The estimated depth was recorded at 10,994 meters in 2010. The National Oceanic and Atmospheric Administration measured the Challenge Deep using sound impulses being sent the ocean and measured when they bounced back from the sea bed. The Challenge Deep is very difficult to measure and a very inhospitable place.
In 2012, an expedition was sent to try to explore the bottom of Challenge Deep. The maximum depth reached at 10,898 meters, although very briefly. In 2014 a high resolution seabed floor mapping survey was done by a University in New Hampshire, revealing that the Challenge Deep bottoms out at 10,984 m.

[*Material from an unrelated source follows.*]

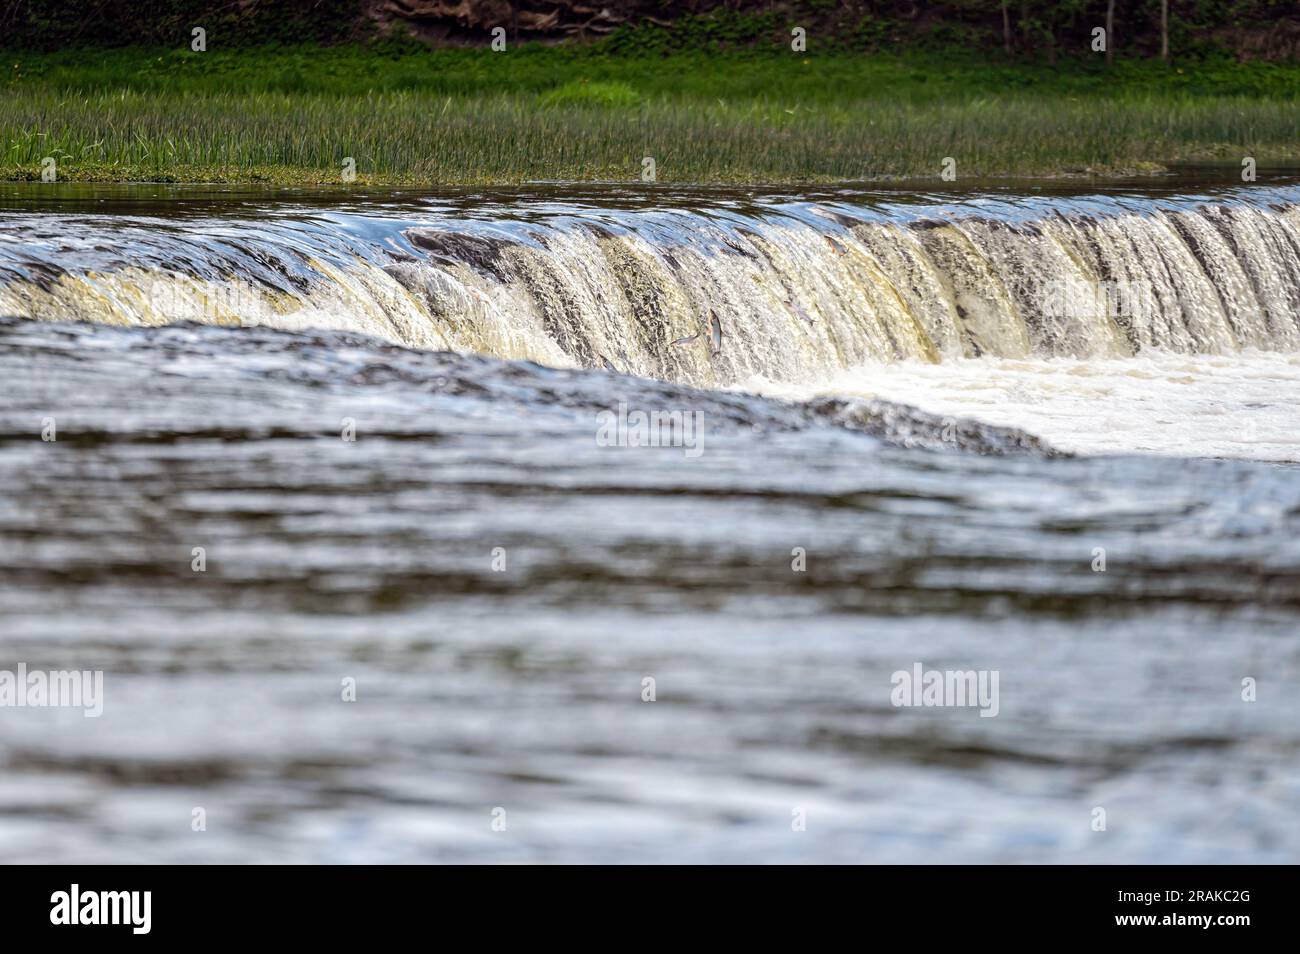 Water splashing through widest rockwaterfall in Europe - Ventas rumba. Kuldiga, Latvia Stock Photo
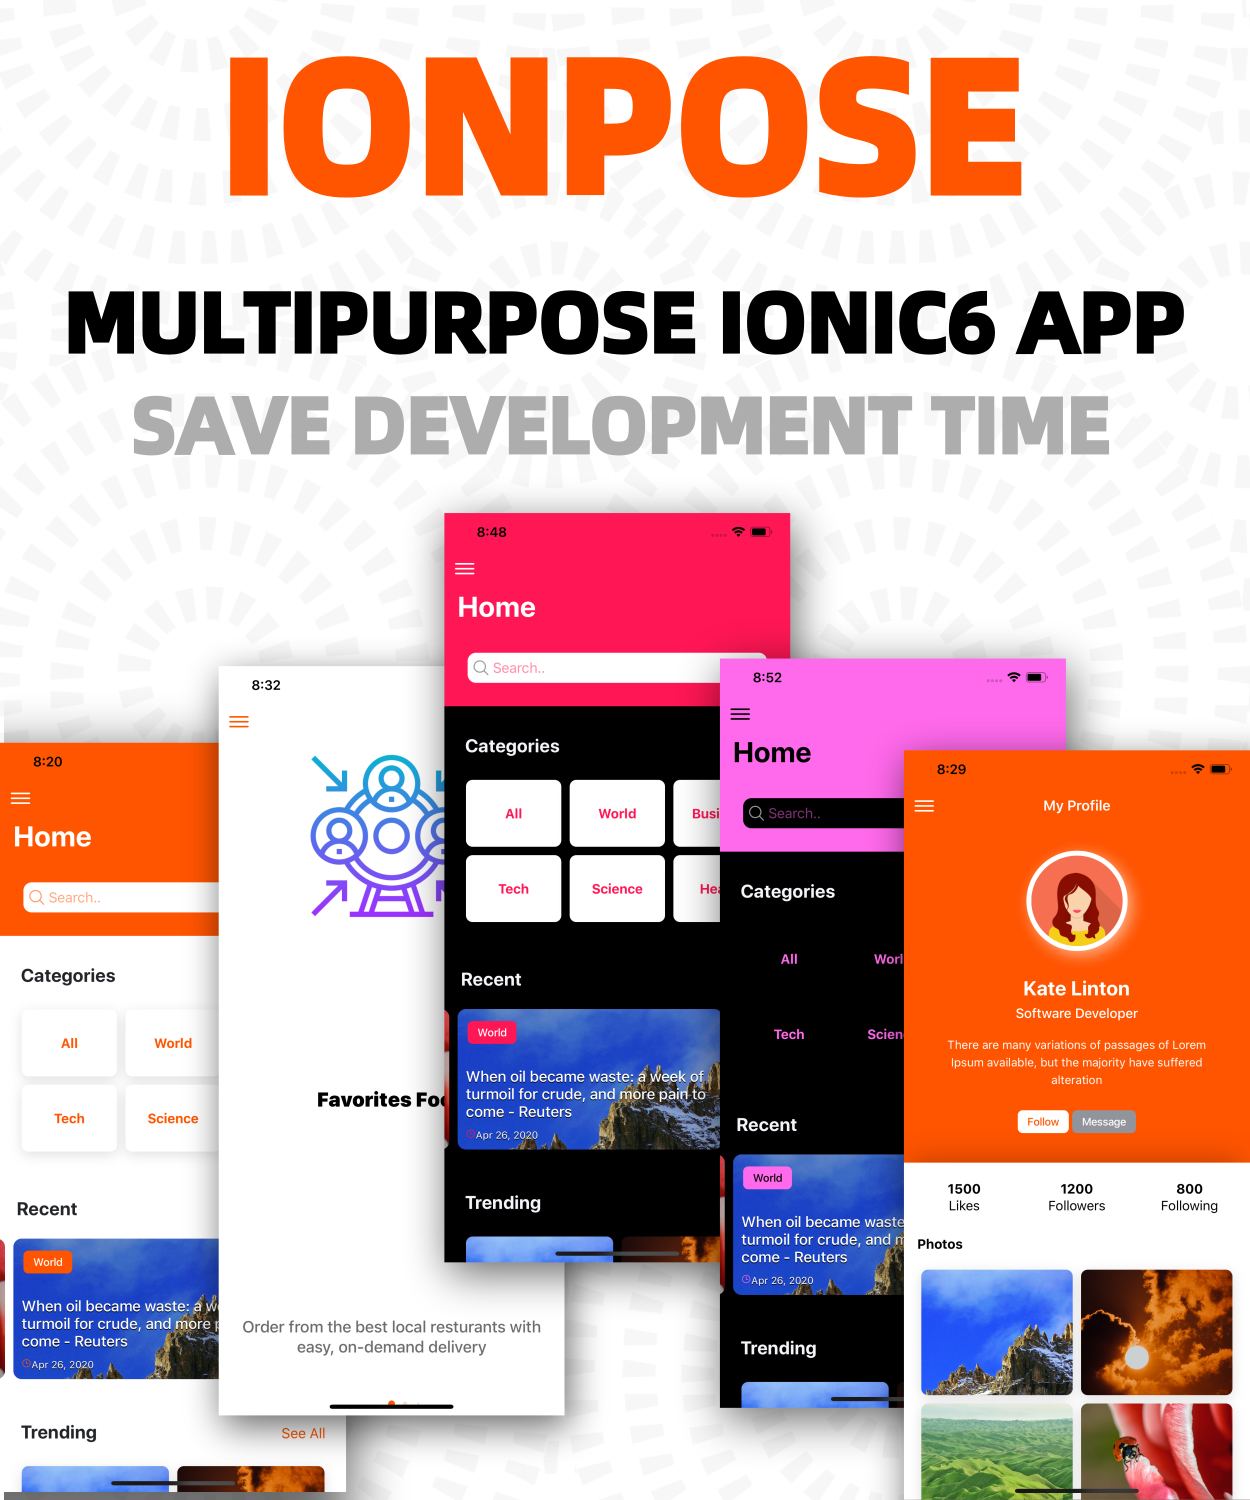 IonPose - Multipurpose Ionic6 App (Support RTL + Dark Mode + 15 Theme Colors + Multi-Language Suppor - 3

If we make a comparison to Mount Everest, which stands at 8,848 m above sea level, it means the Mariana Trench is 2,147 m deeper than Mount Everest is high.
We can find another deep trench, called the Sirena Deep, which lies 200 kilometers to the east of Challenge Deep. The Sirena Deep measures a whooping 10,809 m in depth, leaving it the second-deepest known trench to date. The Marina Trench is 2,542 km long, almost 5 times the length of the Grand Canyon. The narrow trench though is only 69 km wide.
In 2009, President G.W.Bush created a reserve approximately 506,000 square km of sea floor and waters surrounding the Mariana Trench. It is now a marine protected area and falls under the jurisdiction of Guam, United States of America.
How the Trench was formed:
Through the collision of two massive oceanic crusts, in the subduction zone. One large slab of crust is pushed upward and the other is driven downward into the Earth’s mantle. Where the two pieces of crust intersect, a deep trench forms above the bend in the sinking crust. In the case study of the Mariana Trench, the Pacific Ocean crust is bending below the Philippine crust. The Pacific crust, or tectonic plate is about 180 million years old, the Philippine plate is smaller and much younger in age.
Below the surface, the ever increasing water pressure becomes enormous. At floor level it records 703 kilograms per square inch, this is 1,000 times the pressure at sea level. There is a chain of active volcanoes that rise above sea level along the Mariana Trench. This chain of active, spewing volcanoes mirror the shape of the crescent of the Trench. Some volcanoes spew out liquid carbon dioxide, coming from thermal vents deep underwater. The liquid spewed out of active volcanoes is measured at 103 degrees Celsius. Other volcanoes, like the Daikoku submarine volcano sends out molten sulphur 410 m below the surface of the ocean. This phenomena has not been witnessed any where else in the world.
Life in the Deep
Life in the Mariana Trench is both harsh and unrelenting. The conditions for animals living here is darkness, cold and extreme pressures. Food resources are very limited due to the depth of the trench, and few organisms sink the thousands of meters down to the seabed. Some microbes rely on chemicals, like methane gas or sulphur, other animals survive on eating the lower life that exists down there. Small sea cucumber, 200 different microorganisms and Amphipods can be found in the deep, they have been brought back in containers full of mud, then analysed by researchers in Newcastle University.
Sadly researchers found that levels of contamination in the Amphipods, similar to that found in animals from an area called Suruga Bay. Suruga Bay is one of the most polluted industrial areas of the northwest Pacific Ocean. Plastic contamination was also found at high levels, which passes from species to species, as one animal eats the other to survive.
Pollution and plastic is in every corner of the globe and in all ocean waters. Due to the depth of the Mariana Trench, plastic and pollution becomes concentrated to such high levels within the marine species that live there.